WORK INSTRUCTIONS: Retype nothing but the lines from the start of the material up to and including the line with "Invicta Subaqua Quartz". Pictures don't belong in the copy.

"""

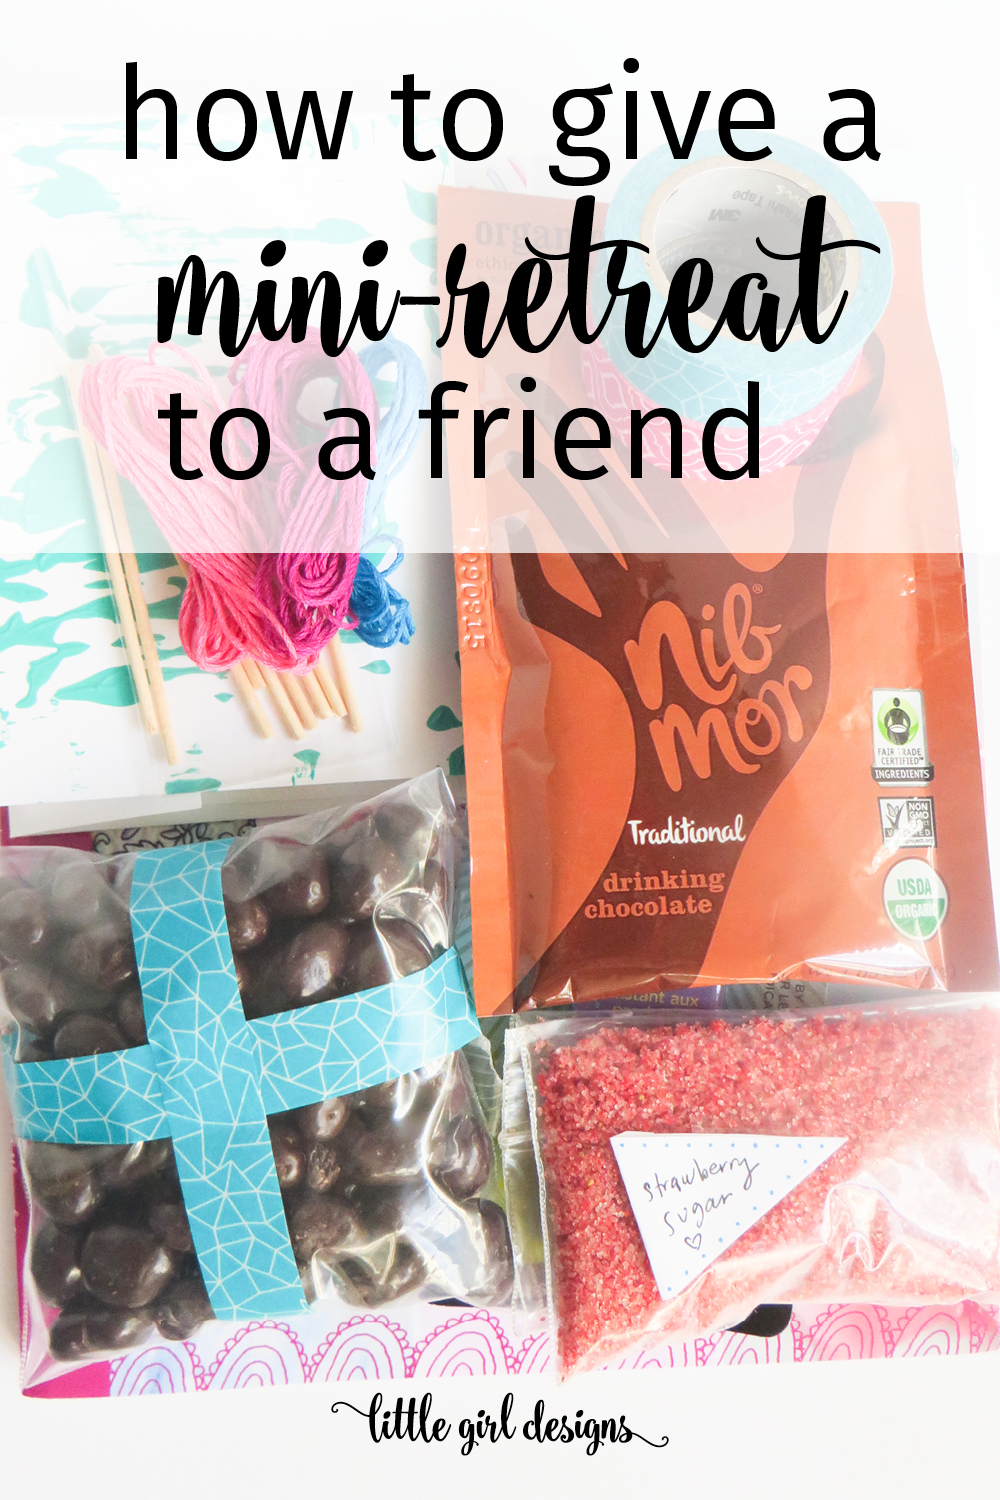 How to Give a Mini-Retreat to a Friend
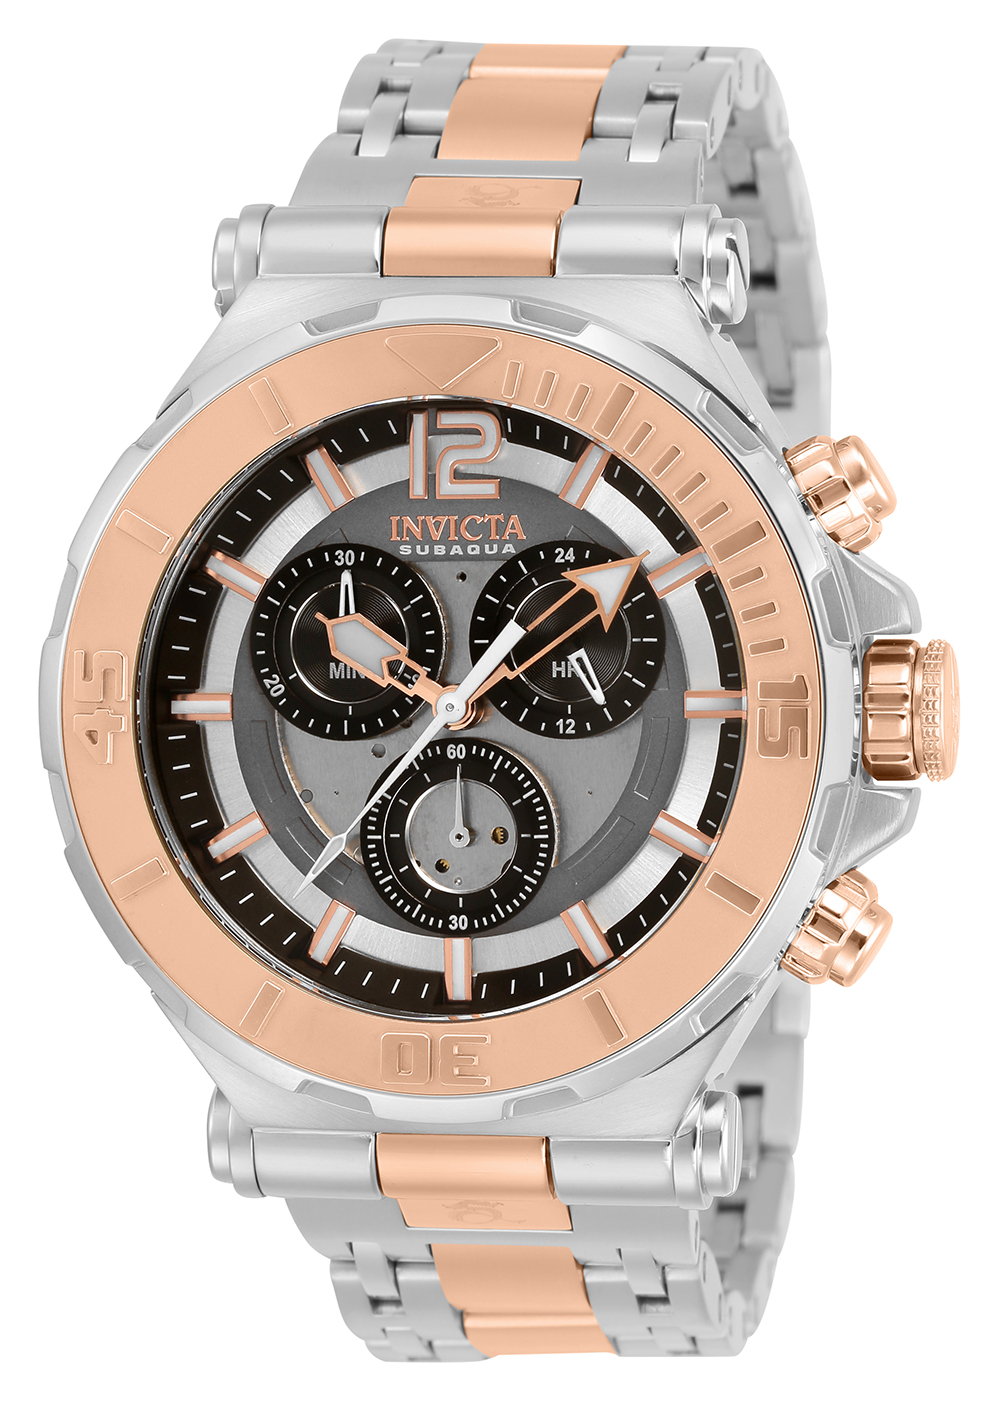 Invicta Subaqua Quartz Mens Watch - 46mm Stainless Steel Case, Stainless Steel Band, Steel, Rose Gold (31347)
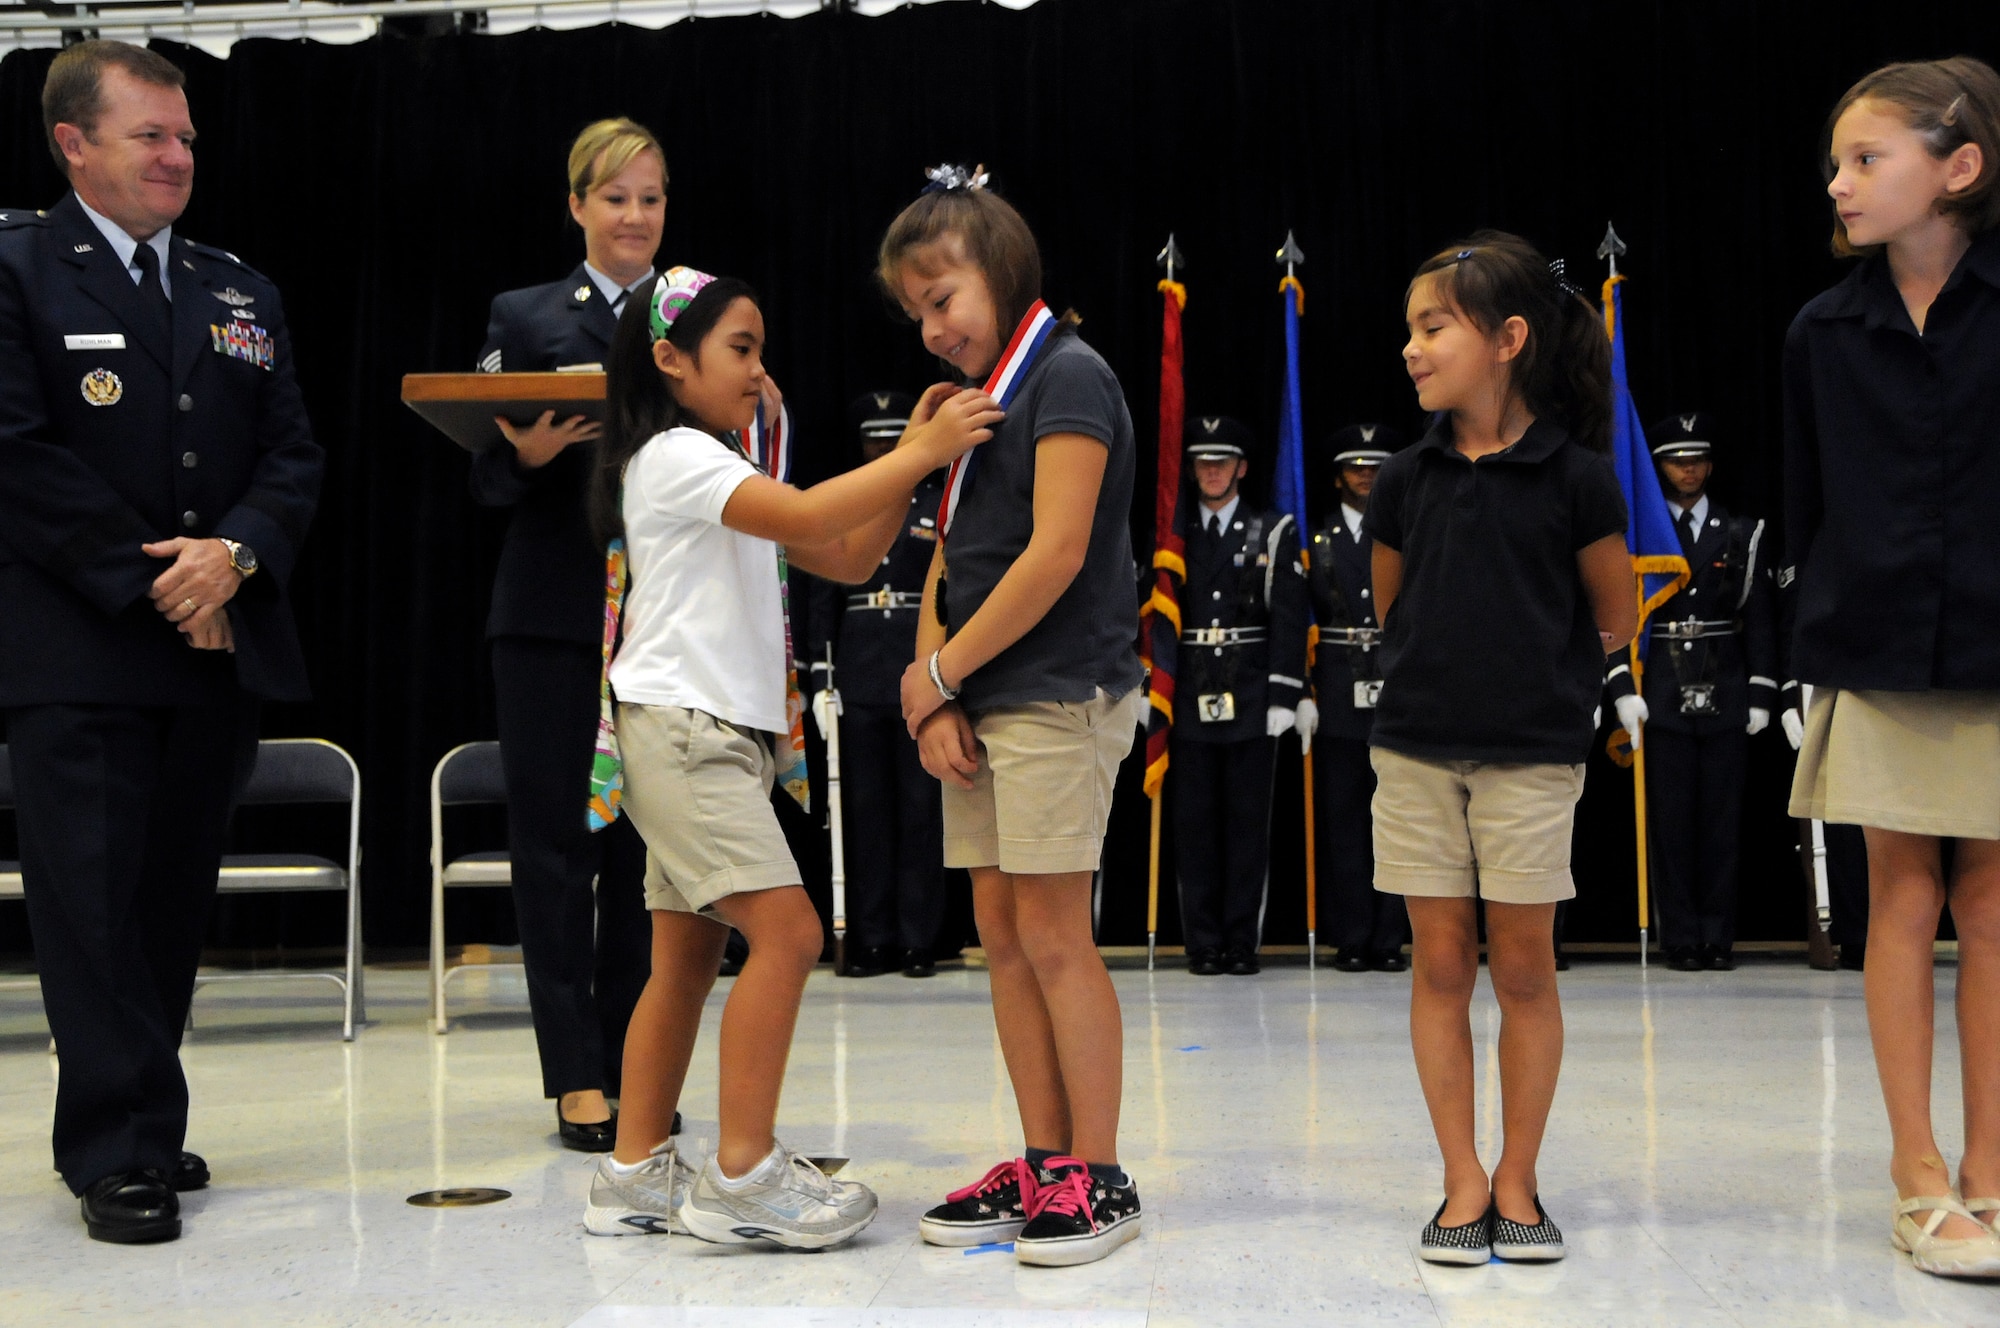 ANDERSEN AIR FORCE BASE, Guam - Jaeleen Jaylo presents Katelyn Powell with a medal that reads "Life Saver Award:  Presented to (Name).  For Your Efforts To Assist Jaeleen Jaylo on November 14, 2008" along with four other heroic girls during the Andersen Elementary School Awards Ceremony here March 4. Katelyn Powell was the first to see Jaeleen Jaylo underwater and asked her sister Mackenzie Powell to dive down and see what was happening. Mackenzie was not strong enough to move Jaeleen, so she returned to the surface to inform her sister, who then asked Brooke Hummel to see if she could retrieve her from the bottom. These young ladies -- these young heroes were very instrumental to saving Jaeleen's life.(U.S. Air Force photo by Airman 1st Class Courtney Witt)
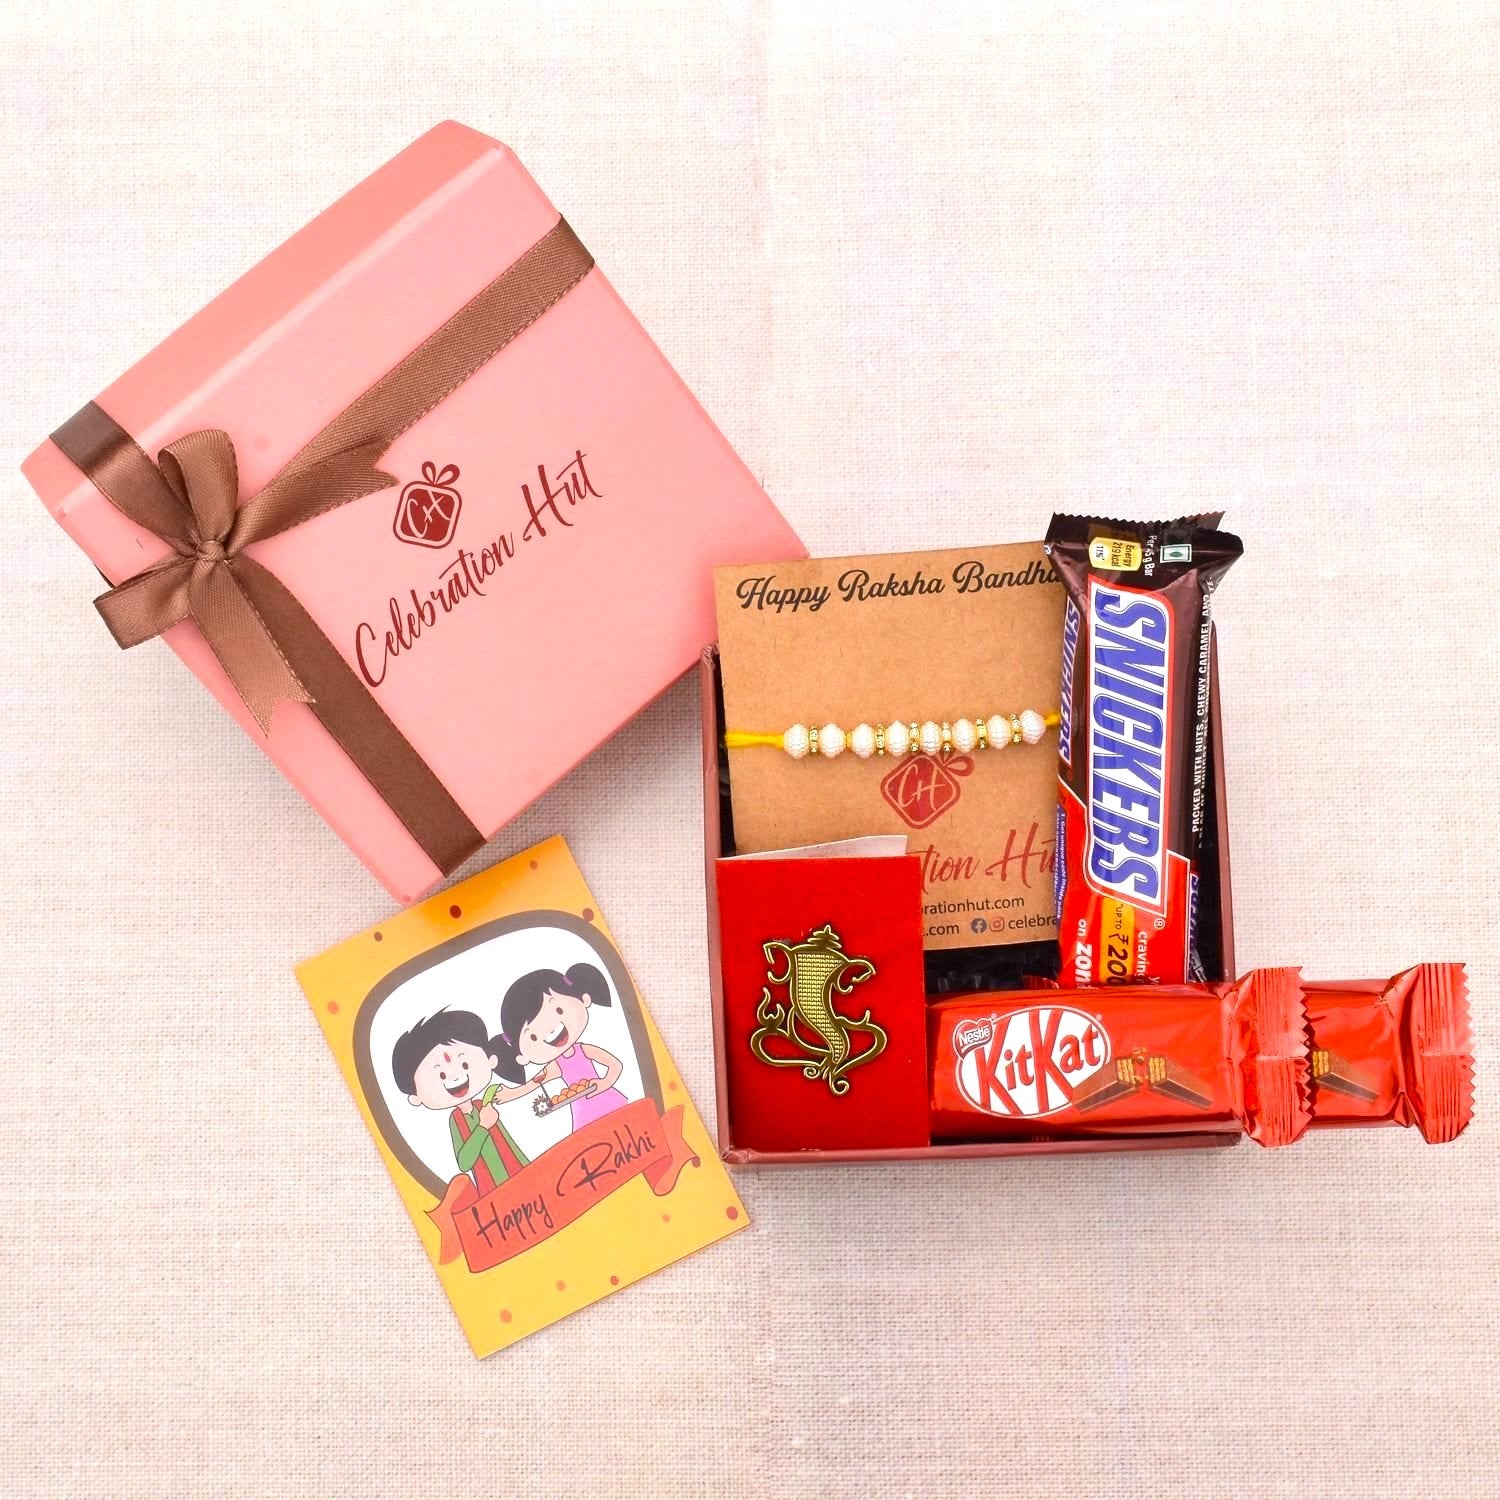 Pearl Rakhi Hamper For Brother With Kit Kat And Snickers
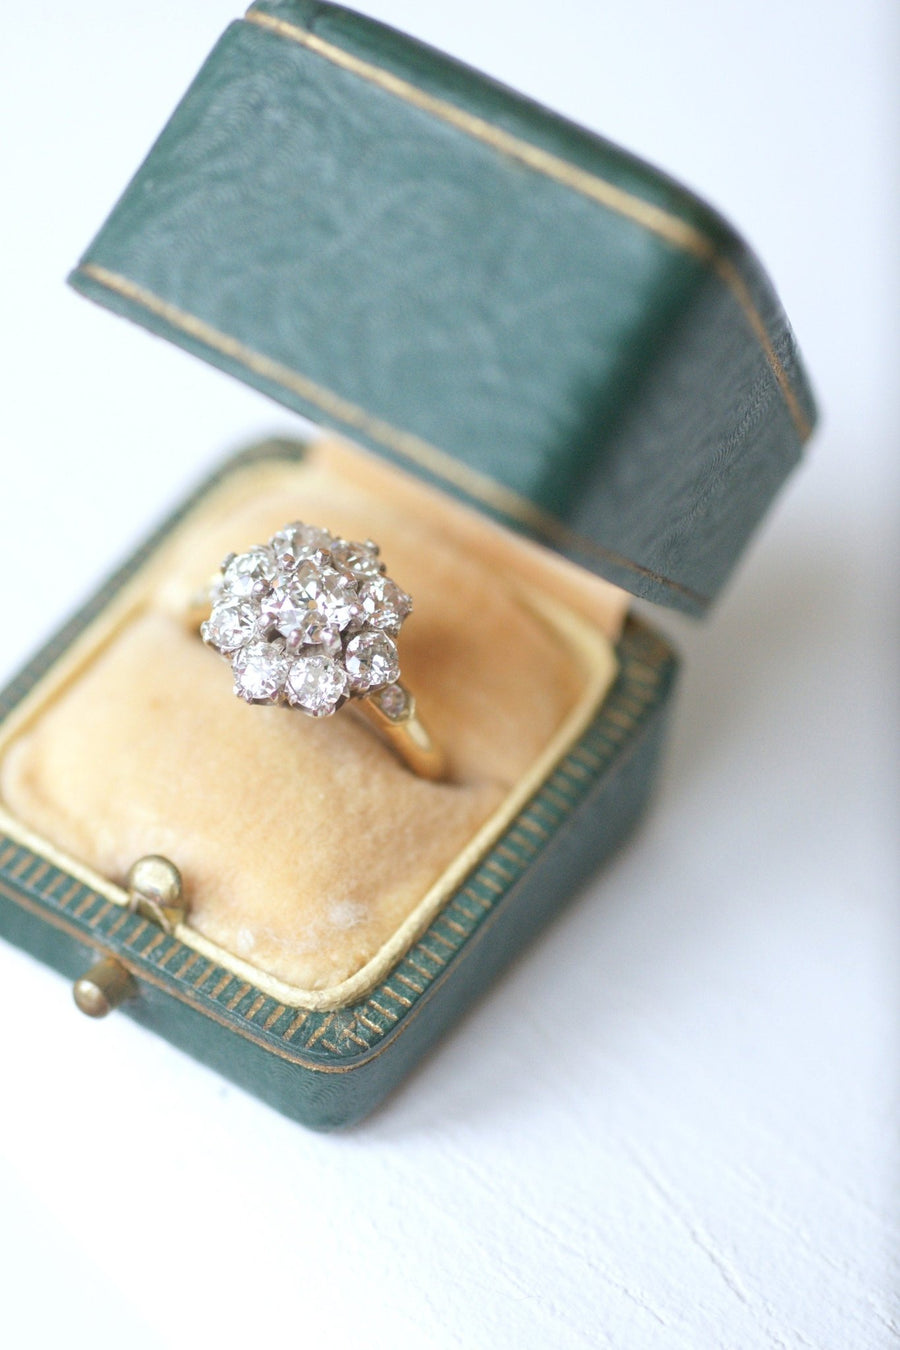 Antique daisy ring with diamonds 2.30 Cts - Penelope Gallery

"""

RESULT:
 How to Give a Mini-Retreat to a Friend
 Invicta Subaqua Quartz Mens Watch - 46mm Stainless Steel Case, Stainless Steel Band, Steel, Rose Gold (31347)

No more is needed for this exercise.